* [Task requirements] Quote exactly, and only, the lines from the one containing "Todd Michael Hall" through the end of the material below. Skip pictures.

=== Information supplied ===

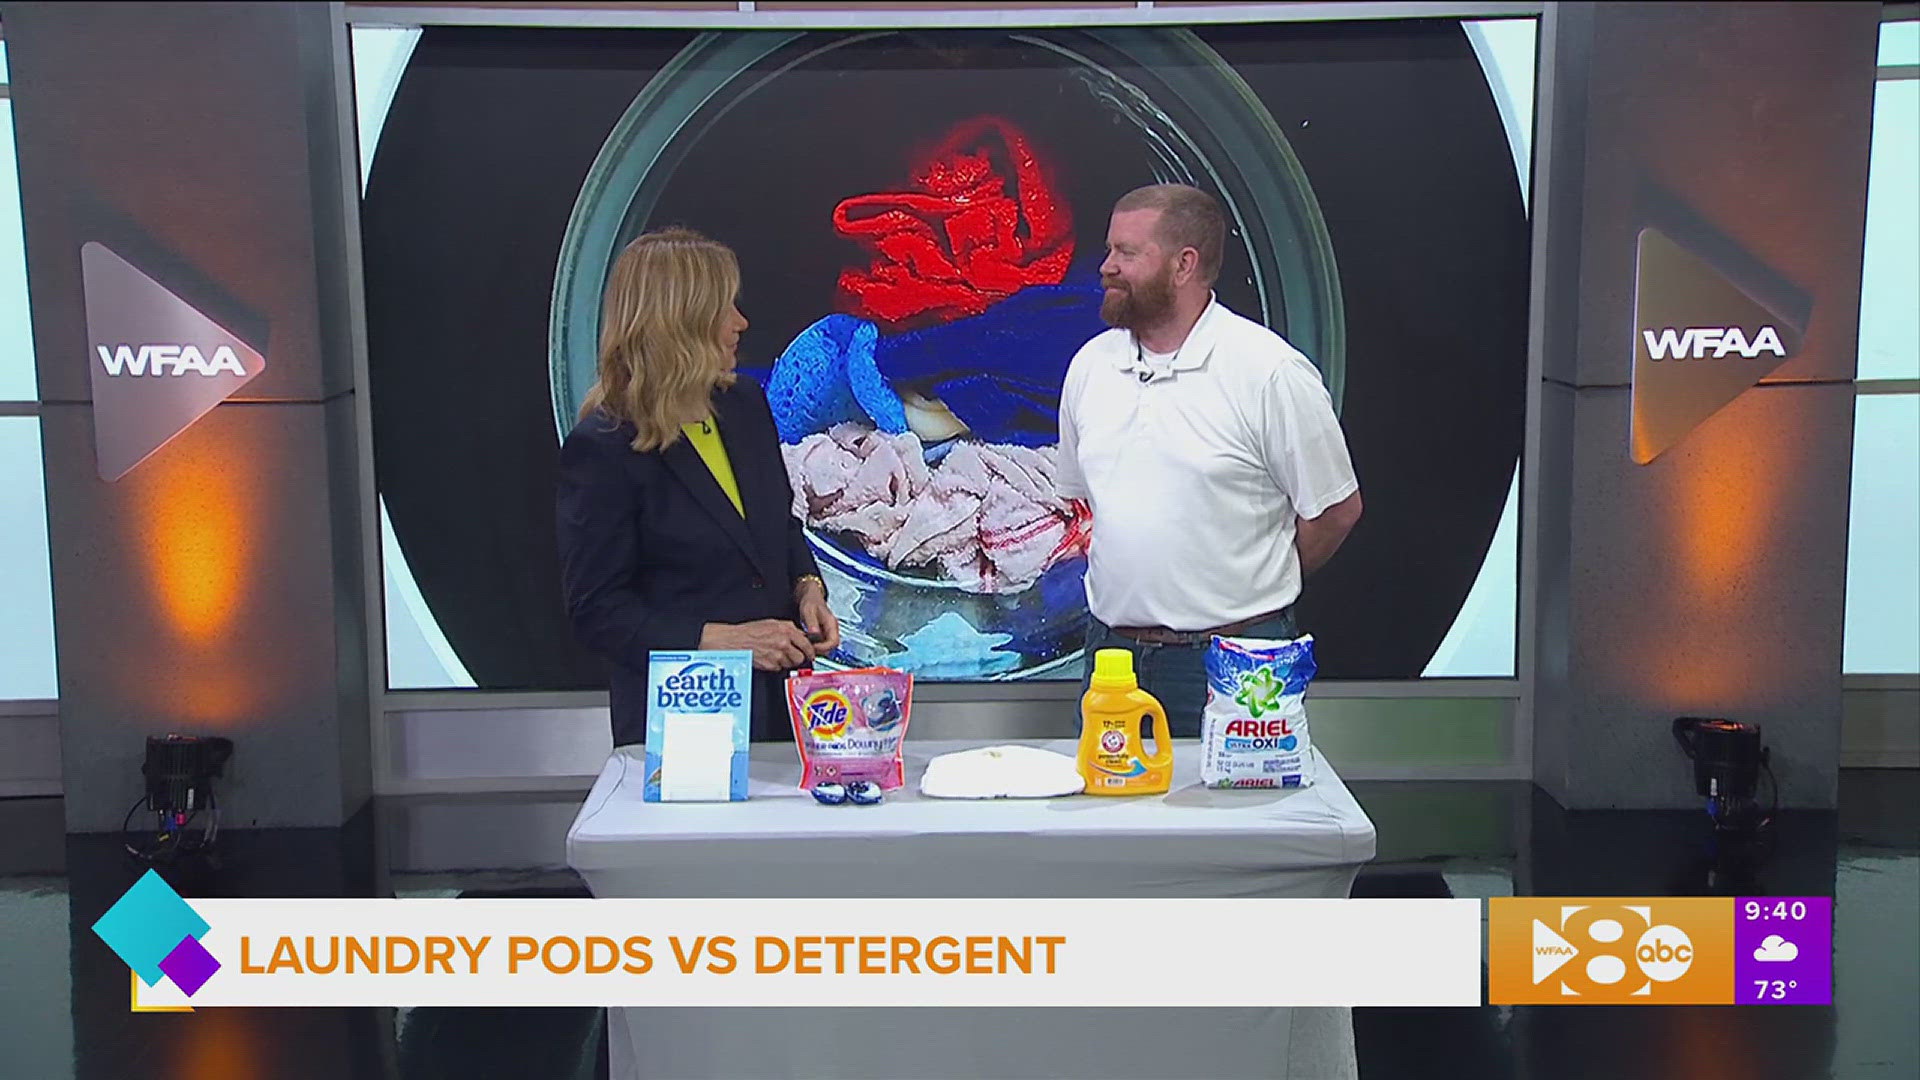 Laundry On Demand CEO James Chandler shares the pros and cons of laundry detergent options. Go to laundryod.com for more information.
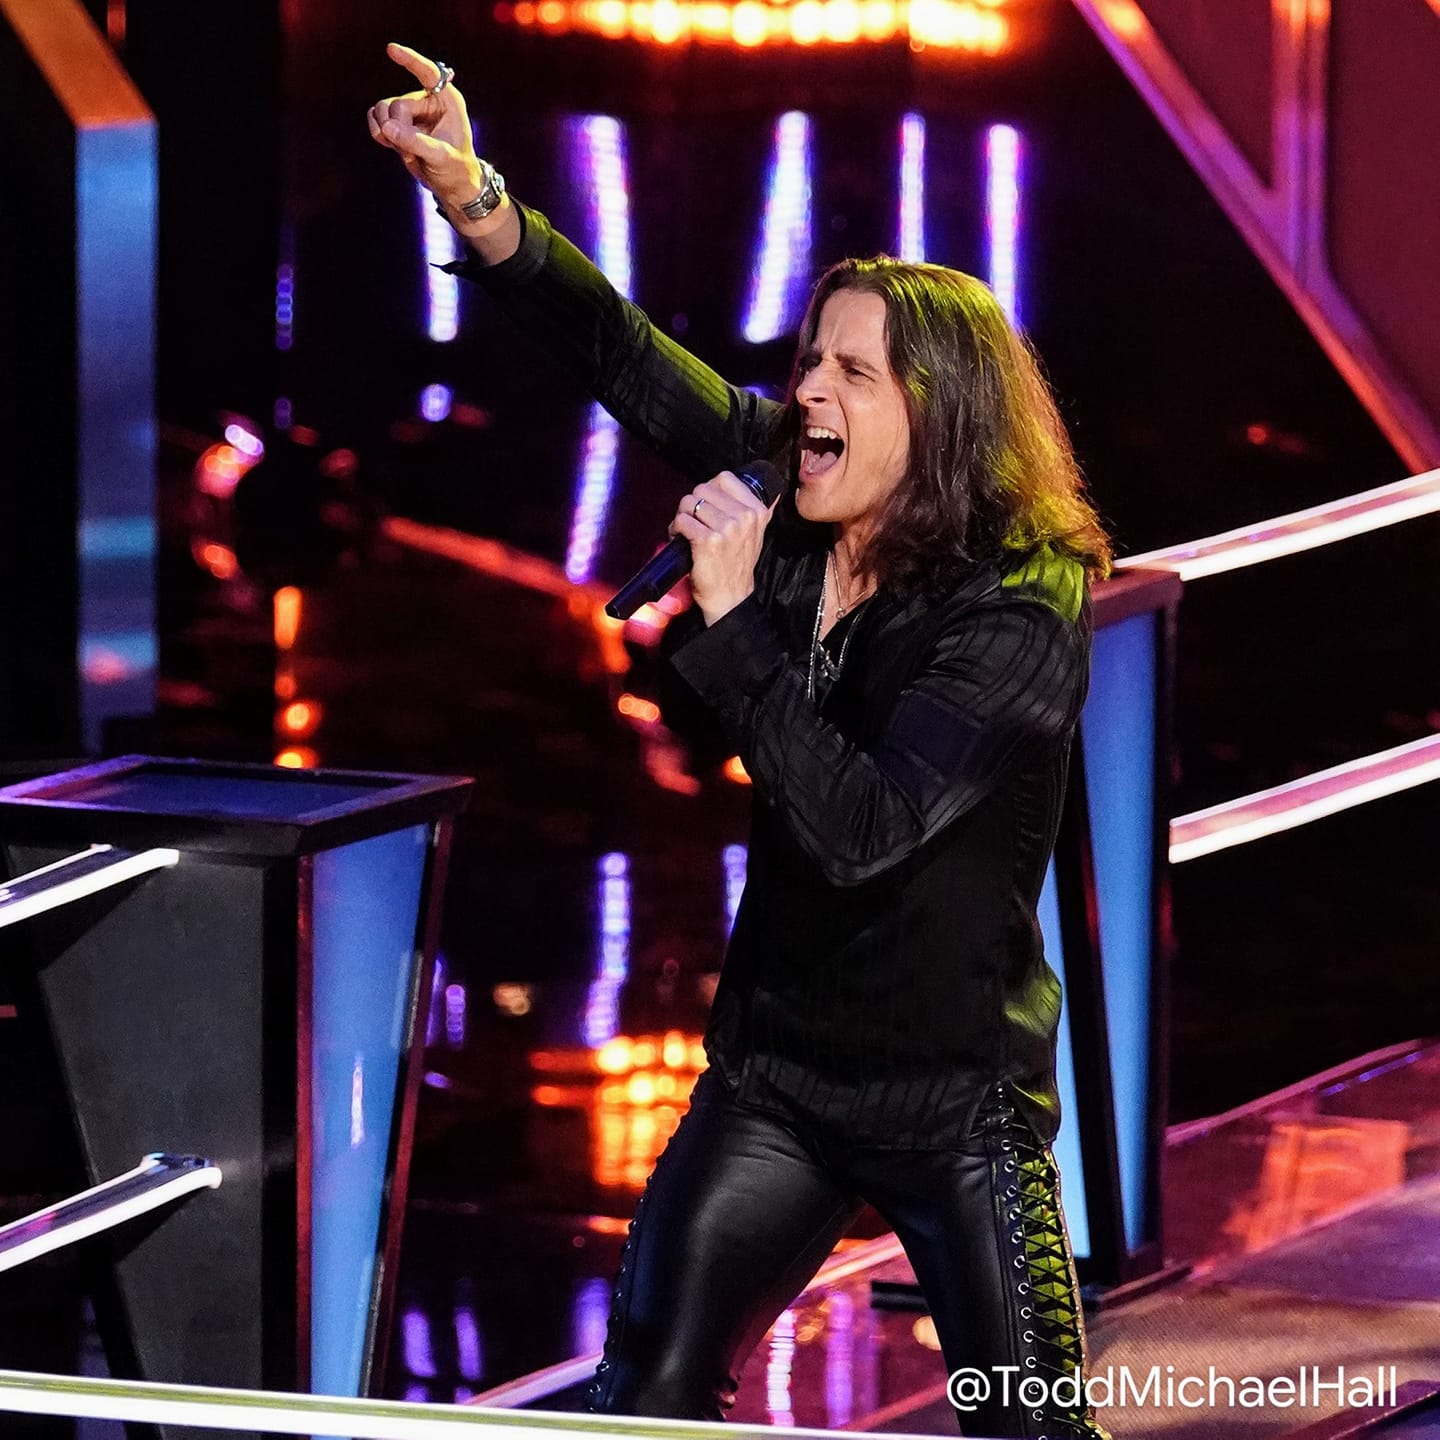 Todd Michael Hall from Saginaw amazes on NBC's "The Voice" Main Photo
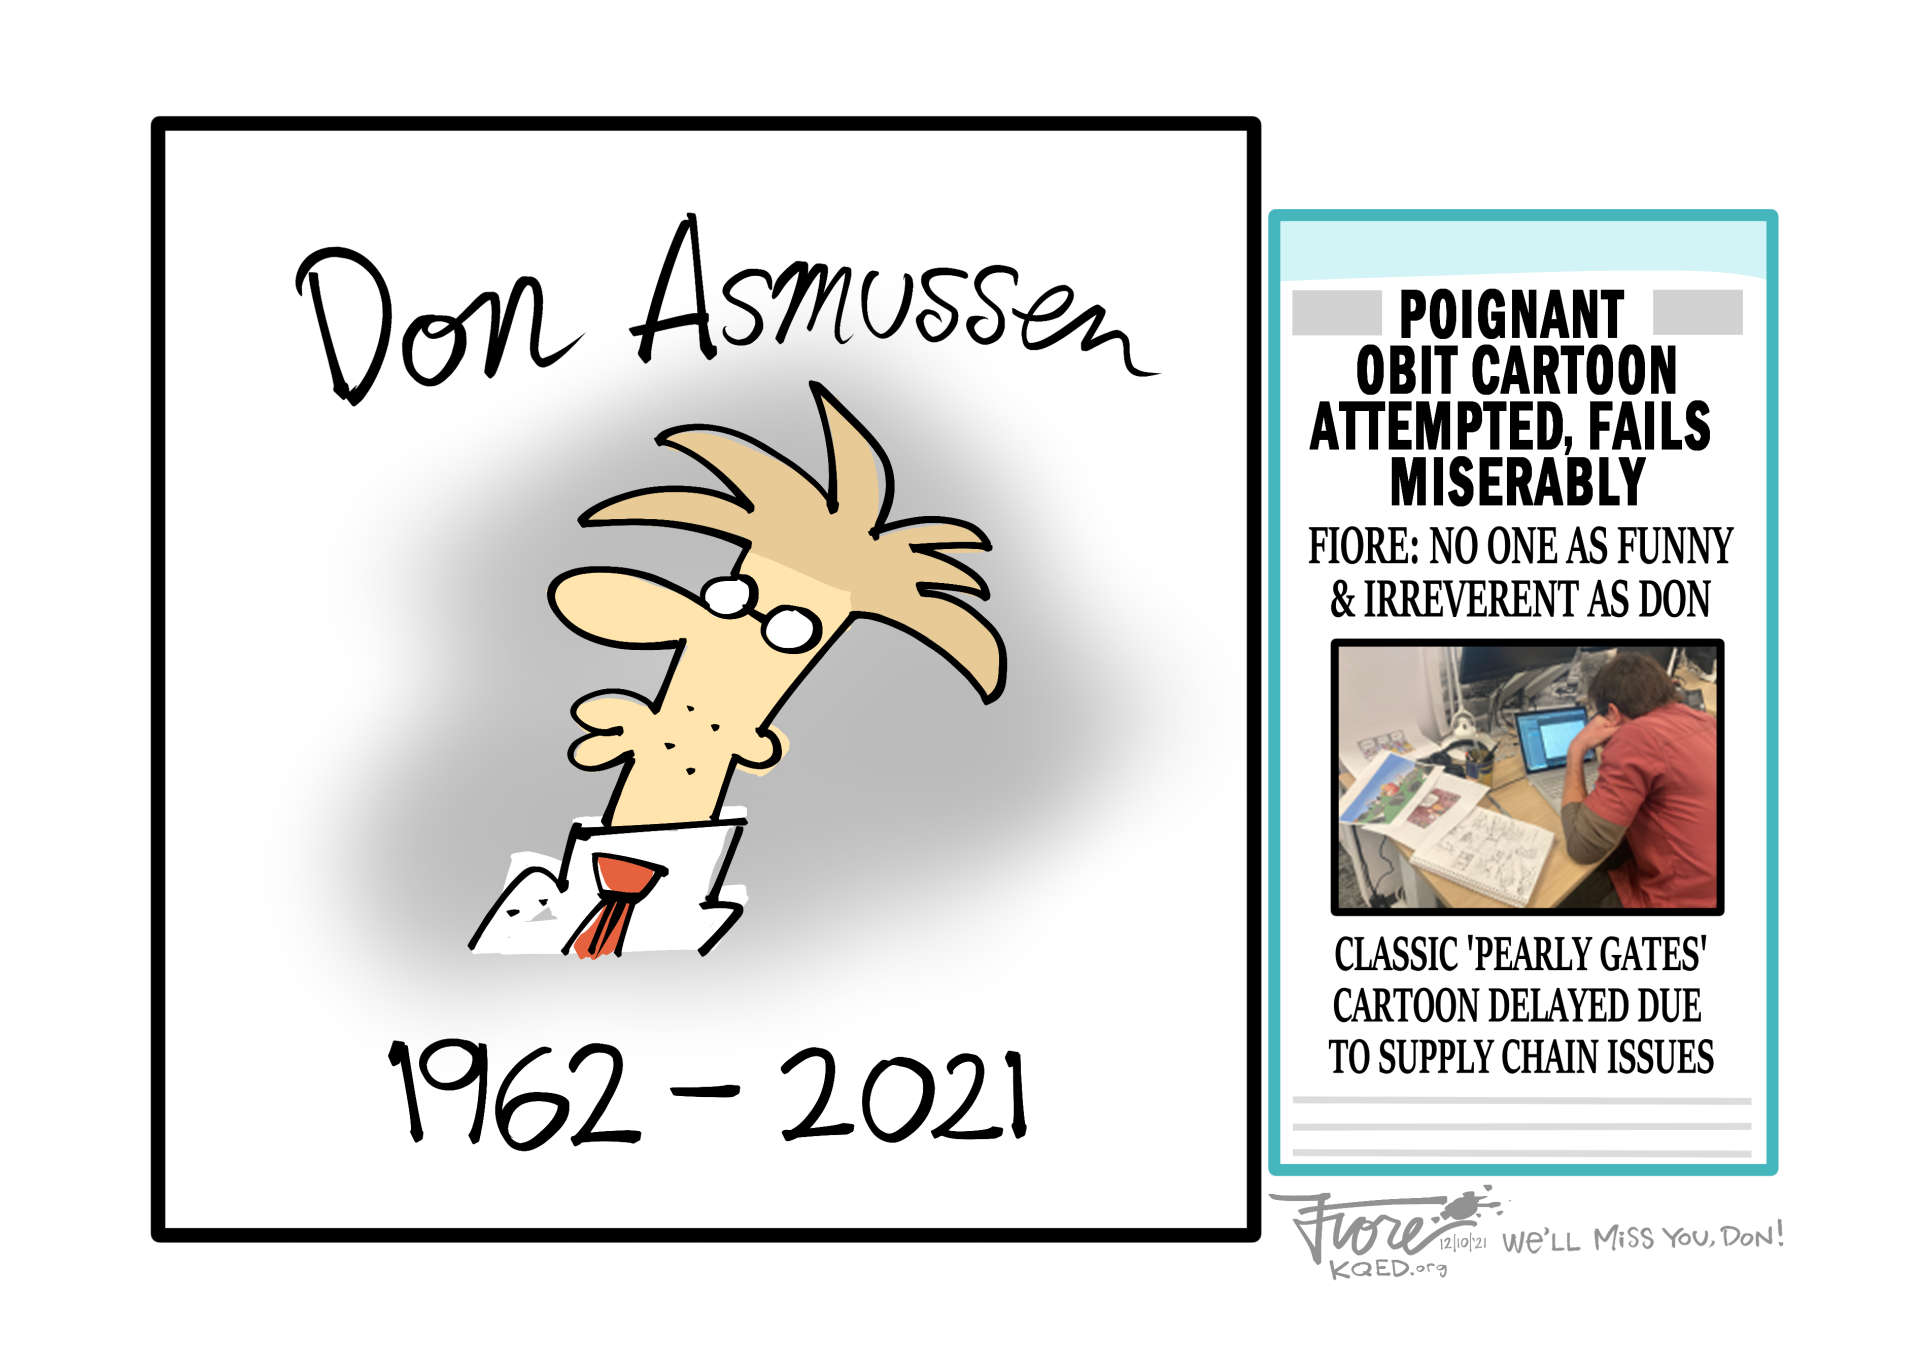 We'll Miss You, Don Asmussen | KQED

===

* [Task output]
 Todd Michael Hall from Saginaw amazes on NBC's "The Voice" Main Photo
 We'll Miss You, Don Asmussen | KQED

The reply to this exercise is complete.